In New Orleans, Fountain opened his first Bourbon Street club in 1960, later moving to a larger location on the bawdy thoroughfare before settling in for a long run at the nearby Hilton on Canal Street in the 1970s.

In a tradition-filled city, his annual trek through the French Quarter with his "Half-Fast Walking Club" was a raucous New Orleans ritual -- one he rarely missed even when he was in failing health.

Fountain, who often split time between the New Orleans area and the Mississippi Gulf Coast, lost his Bay St. Louis, Miss., home when Hurricane Katrina hit in August 2005. But he stayed upbeat. Late in 2005, after several temporary homes, he settled in Hammond, La., telling The Daily Star newspaper, "We went from 10,000 square feet to 1,500. That's really what you would call downsizing."

Fountain started playing professionally on Bourbon Street in his teens. He once called the street of strip clubs, music joints and bars his "conservatory." In his early years, he toured nationally with the Dukes of Dixieland and the late trumpeter Al Hirt. But he gained fame in 1957 when he joined The Lawrence Welk Show as a headliner.

He expressed deep appreciation for the exposure Welk gave him and his music. Still, Fountain joked that his Bourbon didn't mix with Welk's champagne. There was, for example, the night Fountain overfilled the bubble machine, stranding Welk on live television in a storm of blowing bubbles.

Fountain's freewheeling personality and swinging performances contrasted sharply with Welk's rigidly orchestrated polkas and pop hits. The breakup came in 1959 after Welk chastised him for jazzing up an arrangement of "Silver Bells" in a Christmas performance.

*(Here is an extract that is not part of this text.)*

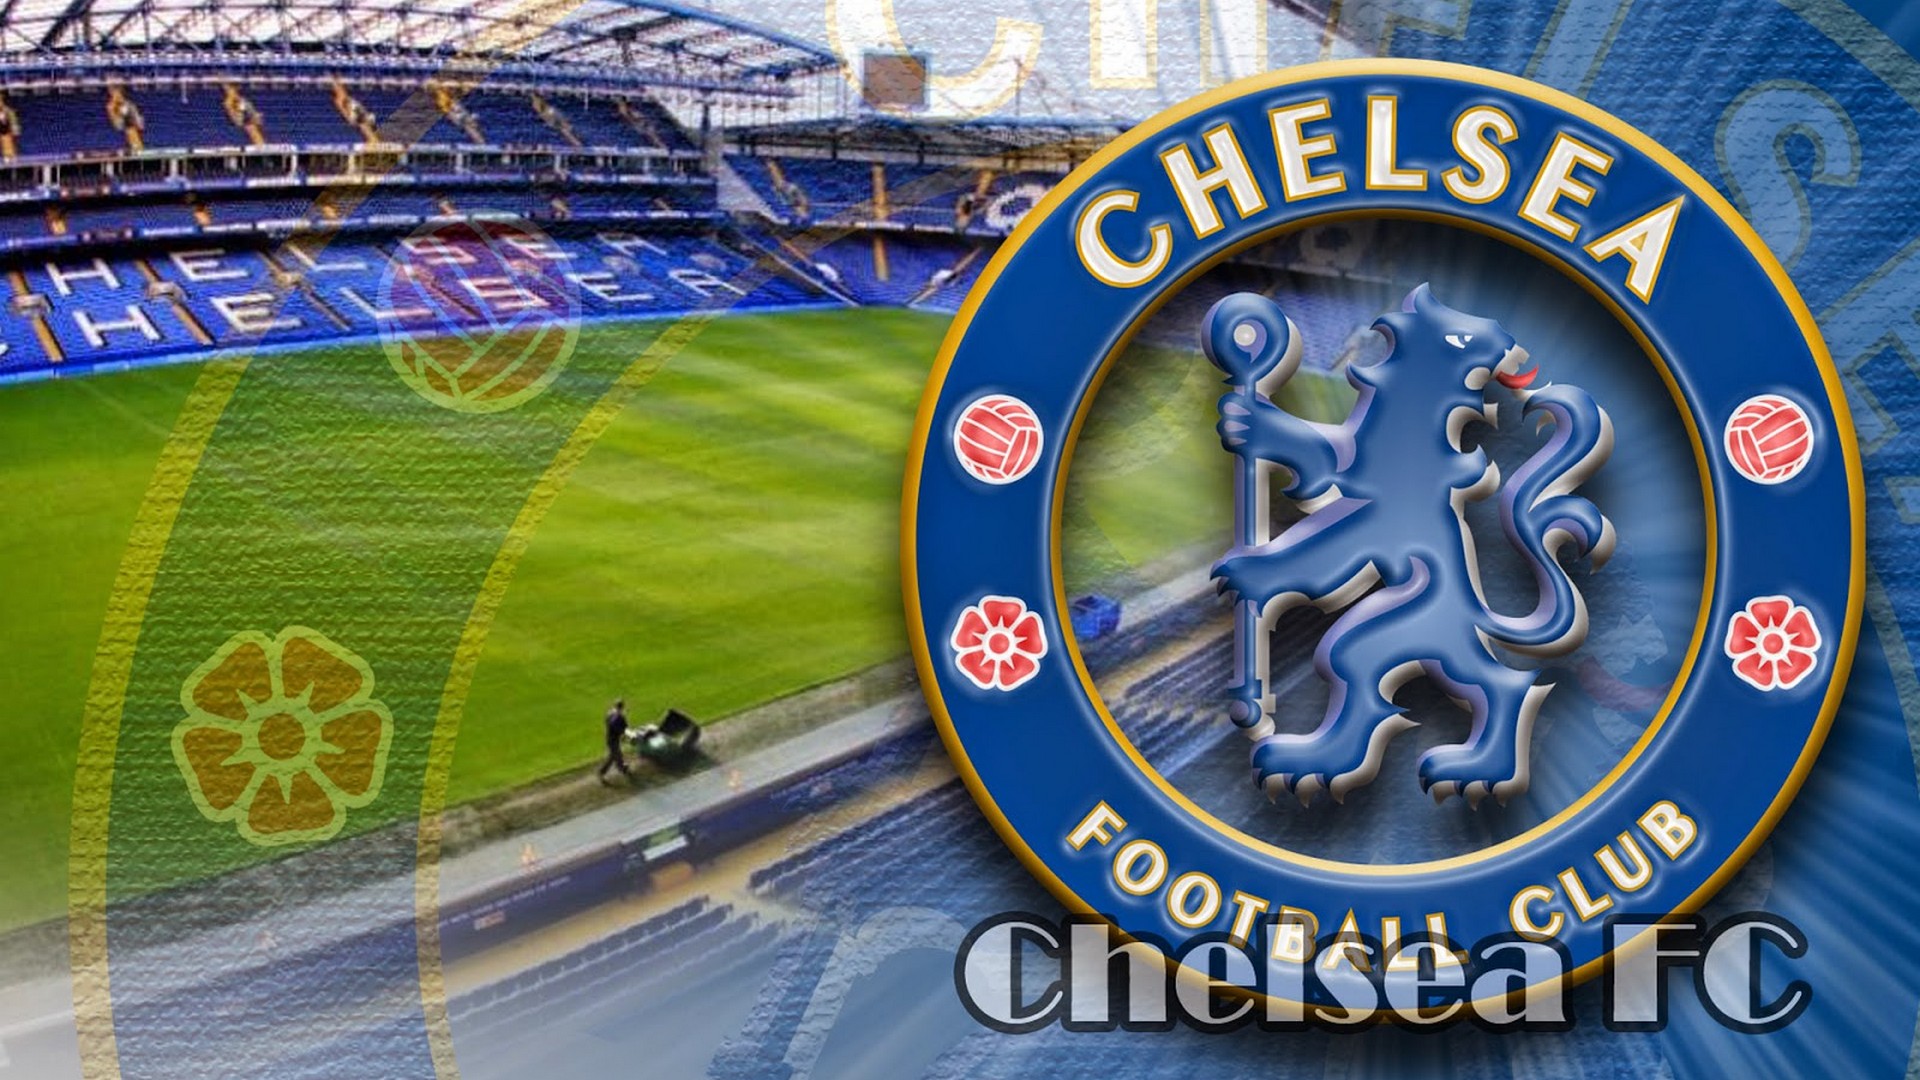 Wallpapers HD Chelsea FC with resolution 1920x1080 pixel. You can make this wallpaper for your Mac or Windows Desktop Background, iPhone, Android or Tablet and another Smartphone device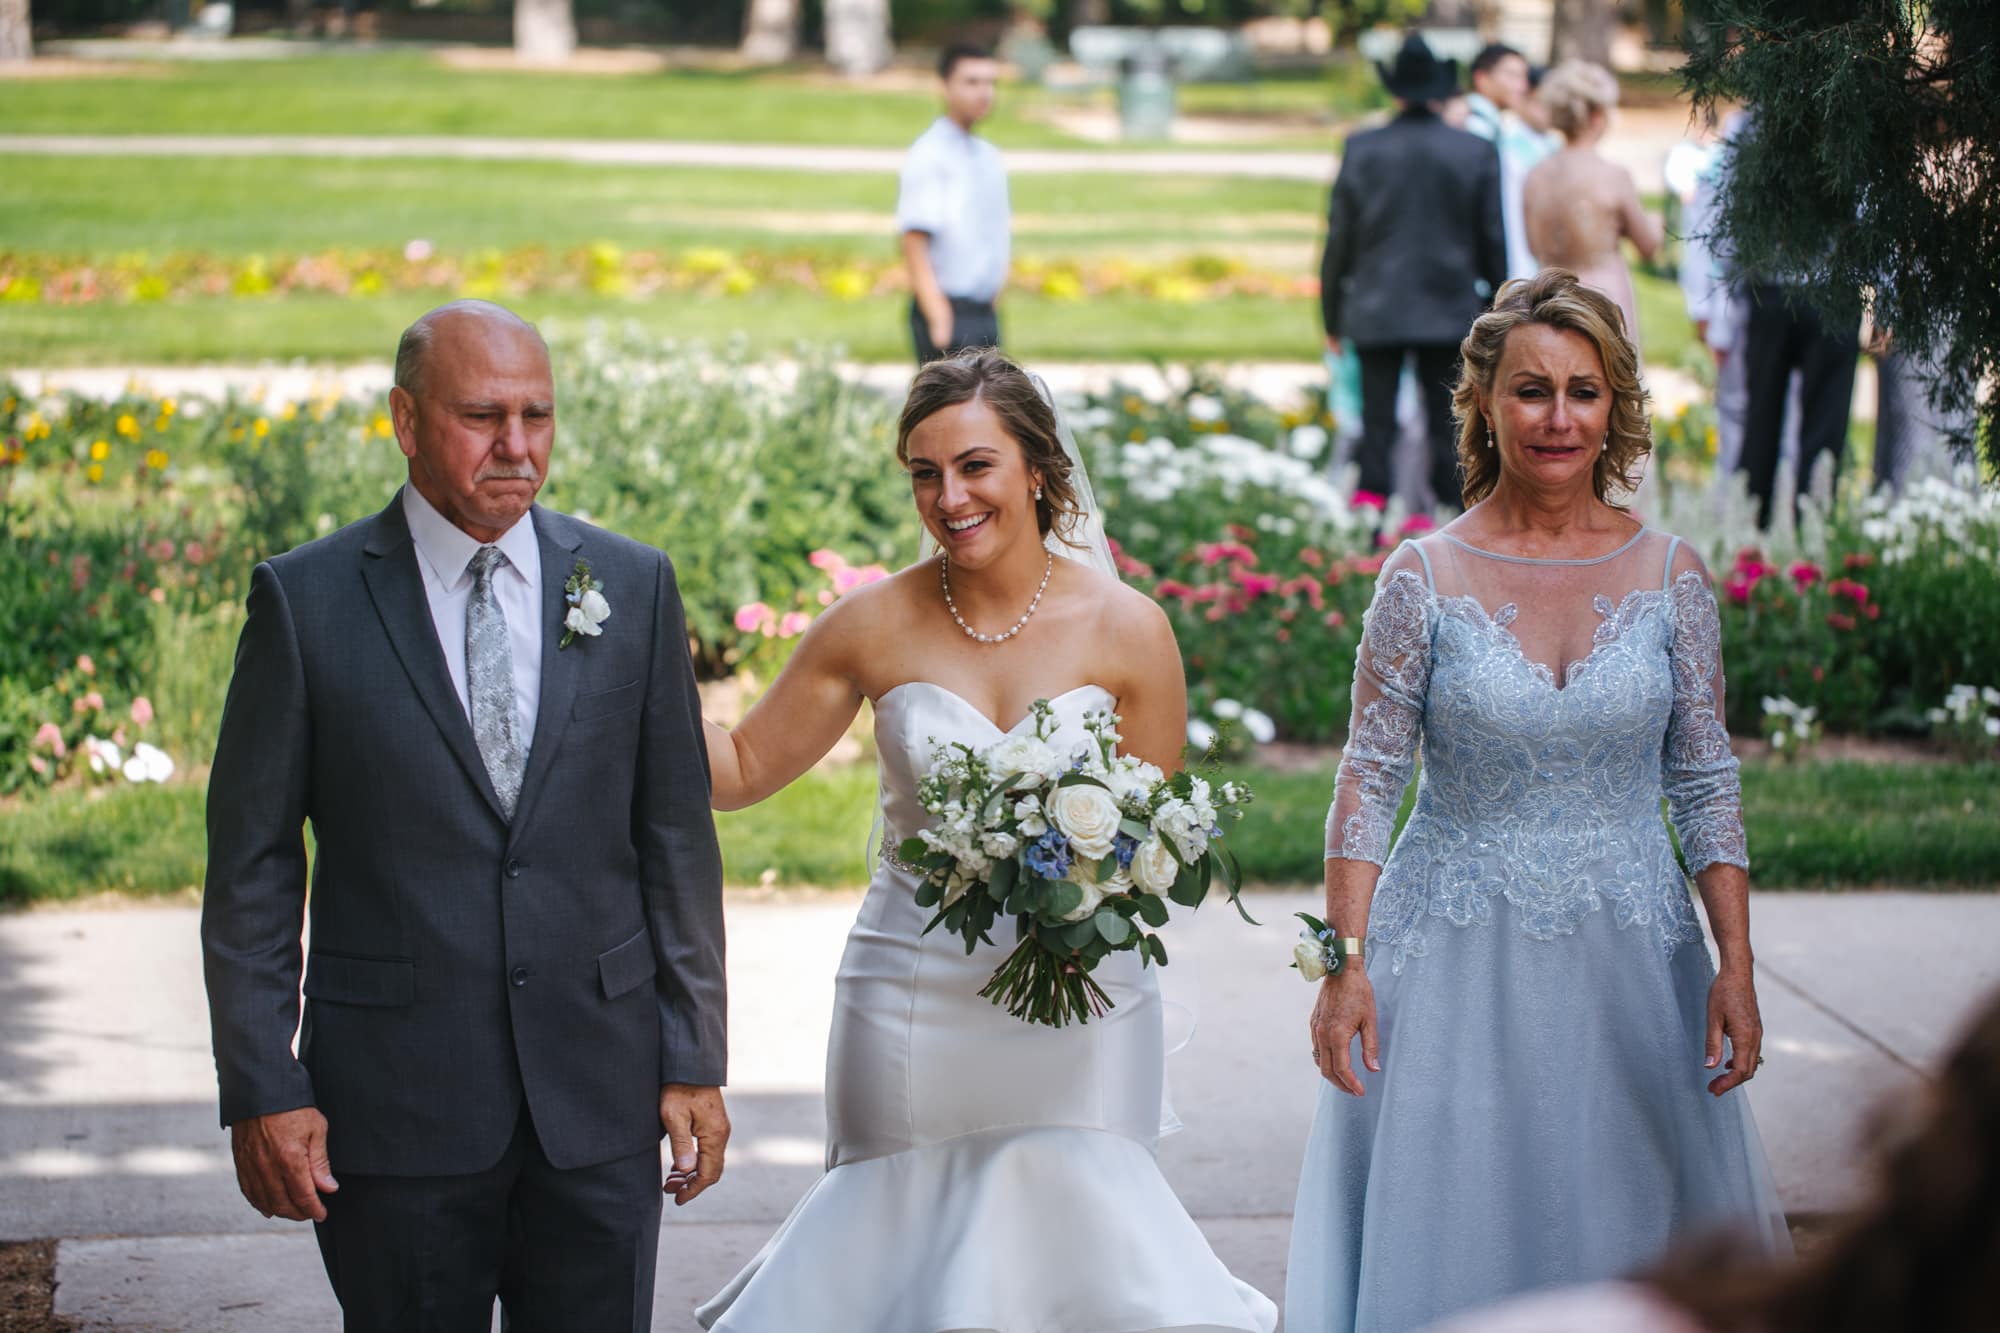 bride with parents, bride with dad before walking down aisle, dad crying with bride, mom crying with bride, bride with parents on wedding day, Cheeseman Park wedding, outdoor wedding ceremony, white wedding flowers, light blue mother of bride dress

Fountain's recording of "Just a Closer Walk With Thee" sold more than a half-million copies in 1959. It stuck as an unofficial theme song, and he even called his autobiography A Closer Walk. His version was so popular that he half-complained that audiences wouldn't let him off the stage without his playing it again.

Fountain and his wife, Beverly, were to celebrate their 65th wedding anniversary in October, Harrell said.